Ya hemos visto que la adicción a los videojuegos no es preocupante, ni por supuesto comparable al alcohol, el tabaco u otras drogas. También hemos visto que los niños y adolescentes no pasan tanto tiempo jugando como creíamos. Partiendo de esta base ¿podemos culpar a los videojuegos por el bajo rendimiento escolar, el aislamiento y la obesidad? Por supuesto que no.

Vamos a empezar por el rendimiento escolar.

Como pudimos ver en la anterior entrada, los resultados obtenidos por la ciencia no suelen interpretarse correctamente por la prensa. A esto ayuda, por cierto, el hecho de que los investigadores “colorean” los resultados para que se aproximen a lo que quieren demostrar. A continuación voy a mostrar un ejemplo “de libro”.

La American Academy of Pediatrics (AAP) es una institución de similar importancia a la American Psychological Association (APA) en el mundo de la pediatría, y cuenta con unos 60.000 miembros. En su revista se publicó un artículo titulado “Association Between Television, Movies, and Videogame Exposure and School Performance” (Relación entre Rendimiento Académico y la Exposición a la Televisión, el Cine y los Videojuegos). El estudio fue realizado por Iman Sharif y James D. Sargent en Octubre de 2006.

Los medios de comunicación se hicieron eco de esta investigación, acusando a los videojuegos de perjudicar el rendimiento escolar. Si uno lee las conclusiones del estudio, verá que los investigadores afirman que los videojuegos efectivamente empeoran el rendimiento escolar. Sin embargo, los investigadores no fueron honestos. ¿La prueba? En la propia revista donde se publicó el artículo original (aunque en un número diferente): Pediatrics, Volume 119, number 2, February 2007, page 413. Aquí hay dos columnas interesantes: “Lack of Association Between Video Game Exposure and School Performance” (Inexistencia de Correlación entre Rendimiento Escolar y Exposición a los Videojuegos) escrita por Jerald J. Block (profesor de Psiquiatría en la Universidad de Oregón), y la respuesta a esa observación que hicieron Sharif y Sargent.

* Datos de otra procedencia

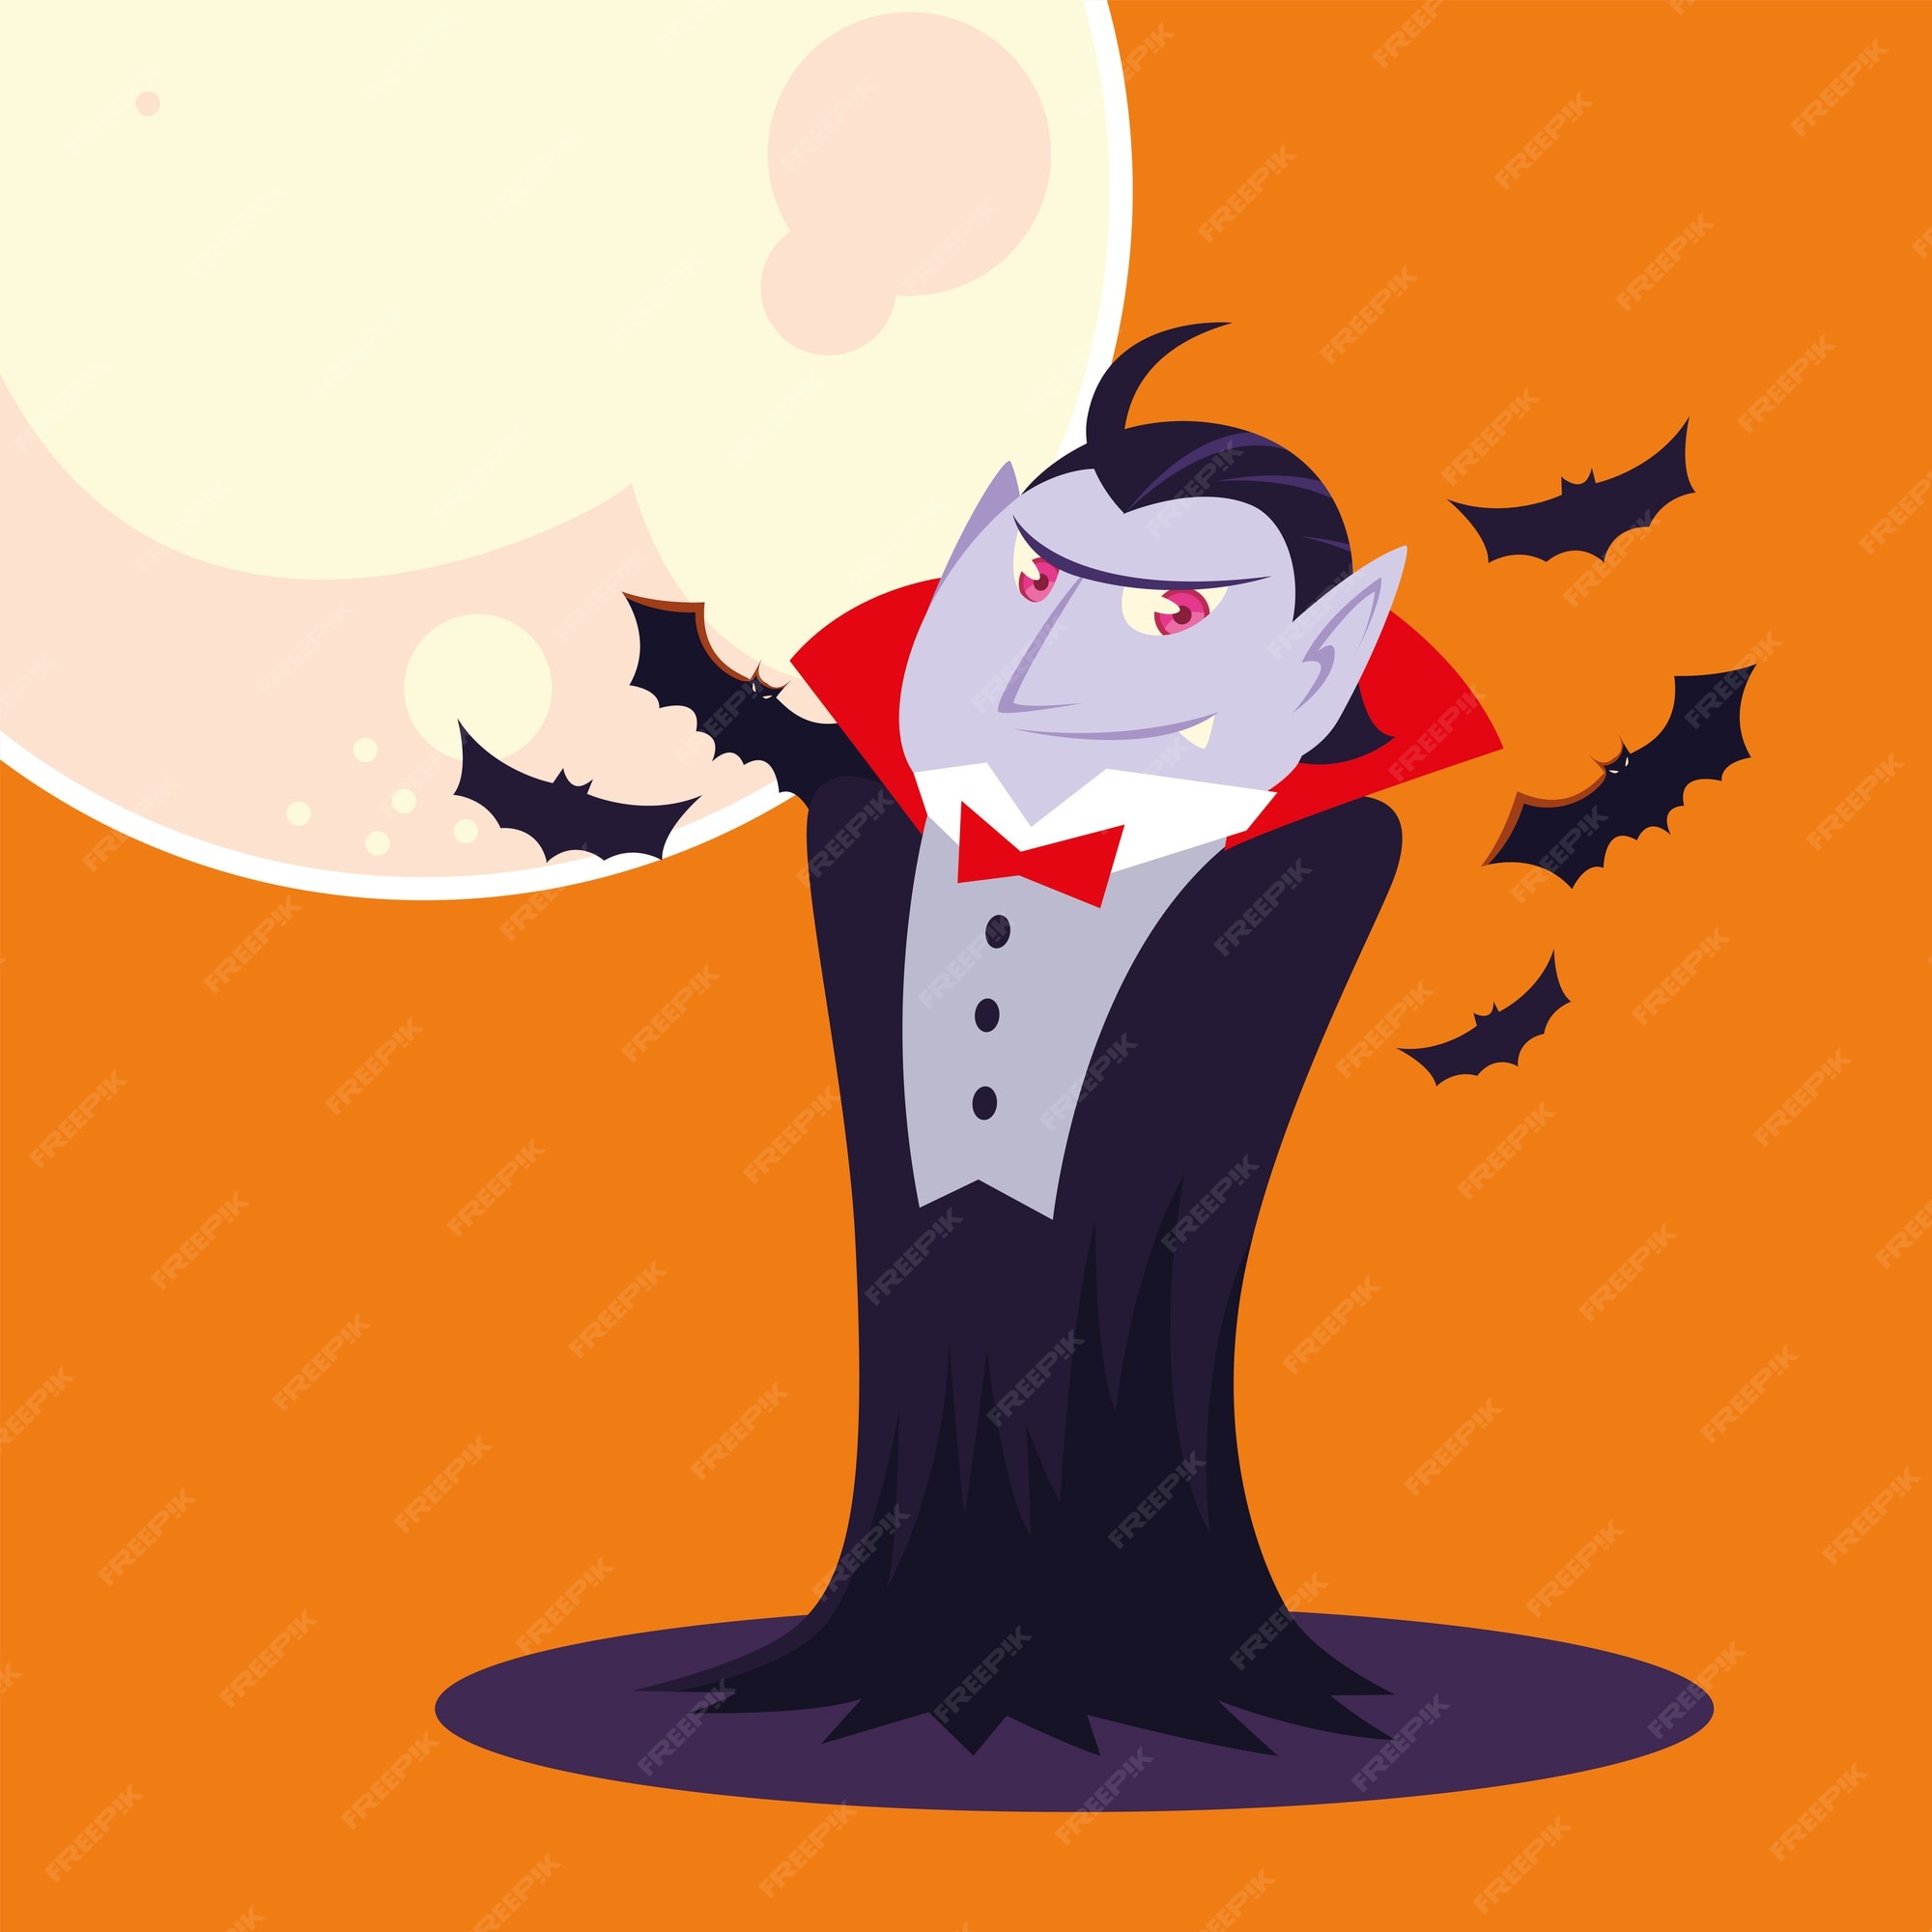 Dibujos animados de vampiros de halloween con diseño de luna, vacaciones y  tema aterrador | Vector Premium

Curiosamente, mientras que el estudio que critica a los videojuegos se encuentra disponible gratuitamente, las observaciones de Block y la respuesta de Sharif y Sargent son artículos de pago. Por suerte para mi, pude acceder desde la red de mi universidad gratuitamente, y los tengo en formato pdf. Si alguien tiene curiosidad por leerlos, estaré encantado de proporcionárselos.

La observación de Block fue que las conclusiones del estudio podían ser fácilmente malinterpretadas, ya que la investigación no mostraba correlación entre videojuegos y rendimiento escolar. Aunque al principio lo parecía, tras ajustar las covariantes (segunda tabla), no quedaba evidencia de que los videojuegos estuvieran relacionados con el bajo rendimiento escolar (tercera tabla). De hecho, los propios autores afirmaron que “el uso de videojuegos no estaba relacionado con el bajo rendimiento escolar”. Por tanto, Block comenta que la conclusión de que los videojuegos causaban bajo rendimiento escolar era engañosa, ya que ni siquiera se llegó a establecer correlación. Finalmente, advirtió que era necesario ceñirse a la evidencia en estos estudios, porque estaban muy cargados políticamente.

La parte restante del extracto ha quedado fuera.